Cow chips right back atcha. If that were true, there would be no need for a liability cap. For those who aren't aware, P-A caps liability at approximately $9.5 billion -- which is ridiculously low in case of a major accident. I agree that such an accident is extremely unlikely -- but given that this is true, then the premiums for the necessary coverage would be equally low. P-A was enacted in the 1950s, as a subsidy for an experimental, uncertain technology. That technology is no longer uncertainty; it is mature and fully integrated into the market. There is no longer any possible justification for a government handout like P-A -- especially in an industry (electricity generation) that generally enjoys a guaranteed profit margin.

What are you saying is paid at pennies on the dollar? The insurance premiums? Sure, and if you know anything about insurance you will know that this is the case for any kind of liability coverage. I just renewed my automobile insurance. In my state, for the kind of cars I drive, the rates were in the couple of hundred dollar range for coverages ranging into the hundreds of thousands of dollars of liability. IOW, a penny or two on the dollar. Why? Well, its just the way liability insurance works.
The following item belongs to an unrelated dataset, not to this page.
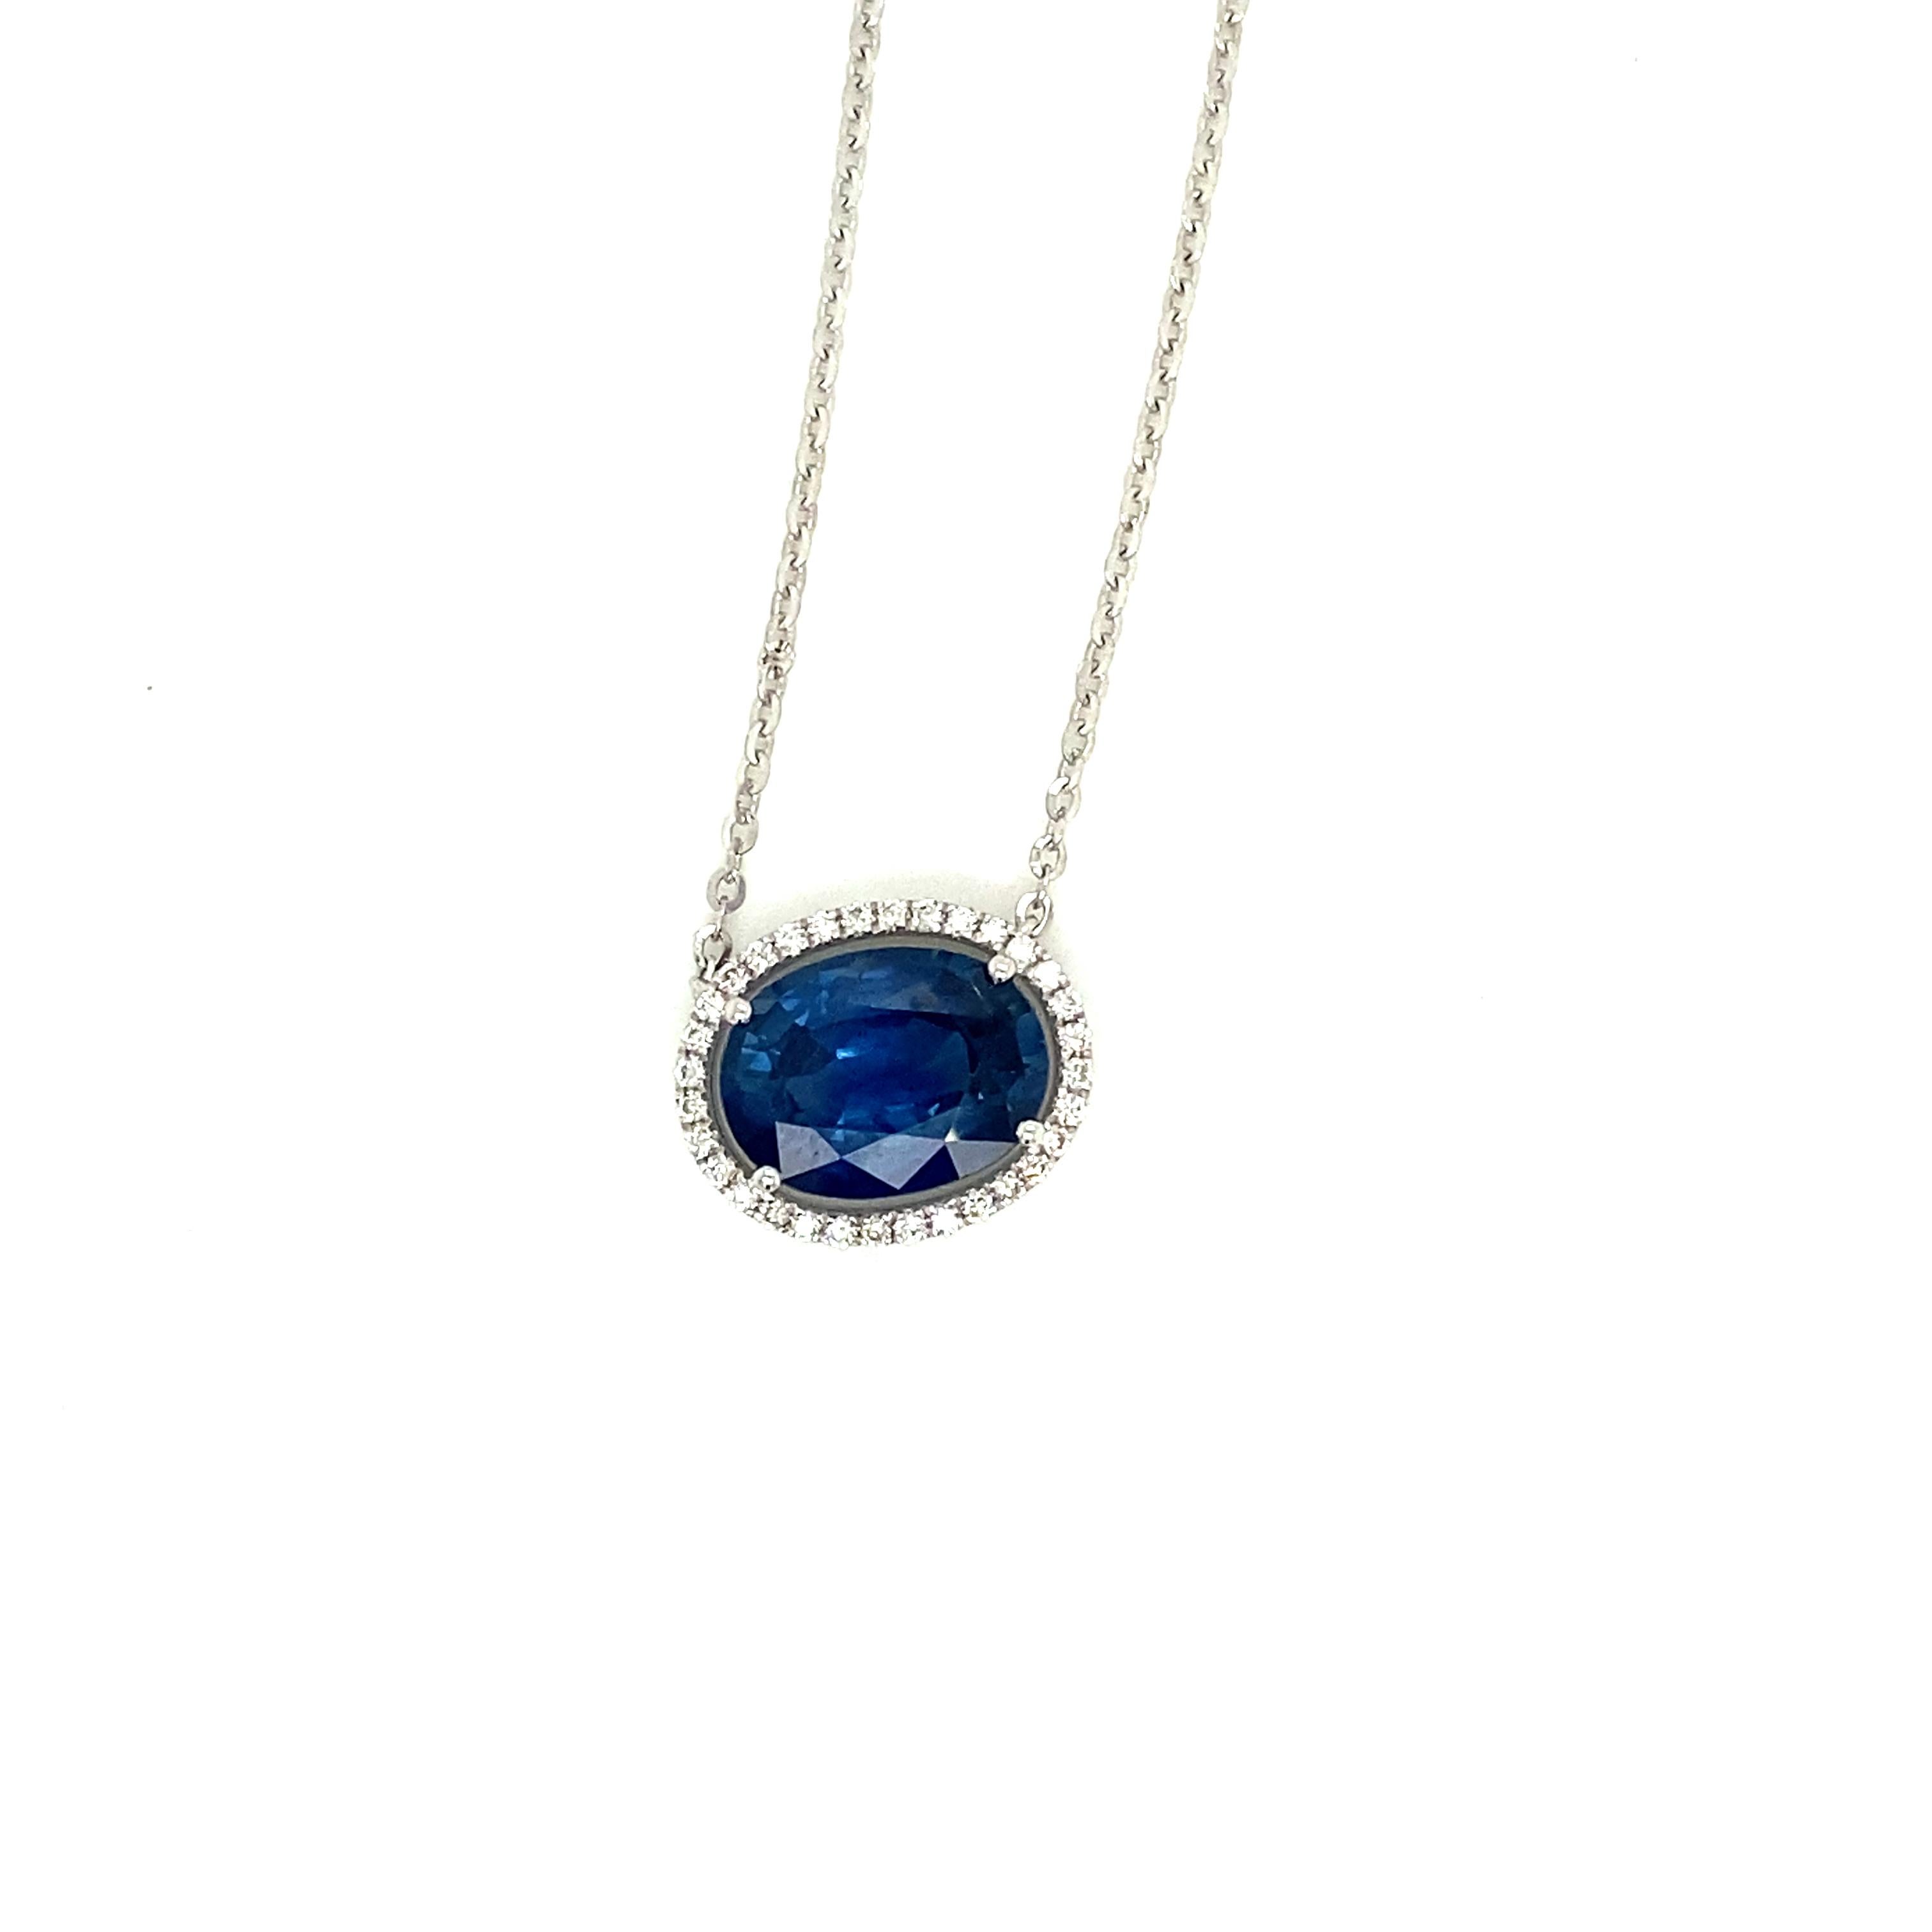 Oval Cut 4.96 Carat Oval-Cut Vivid Blue Sapphire and White Diamond Pendant Necklace For Sale

Check it out, if you are old enough to have to pay your way on any kind of liability insurance, and the idea of pooling coverage and spreading risk. Its a neat idea, and one of the positive outcomes of capitalism and free markets. Its just amazing...

Nope. I'm talking about the payout in case of a true disaster. Injured parties will receive literally pennies for every dollar of actual damage they suffer. But thanks for the lecture.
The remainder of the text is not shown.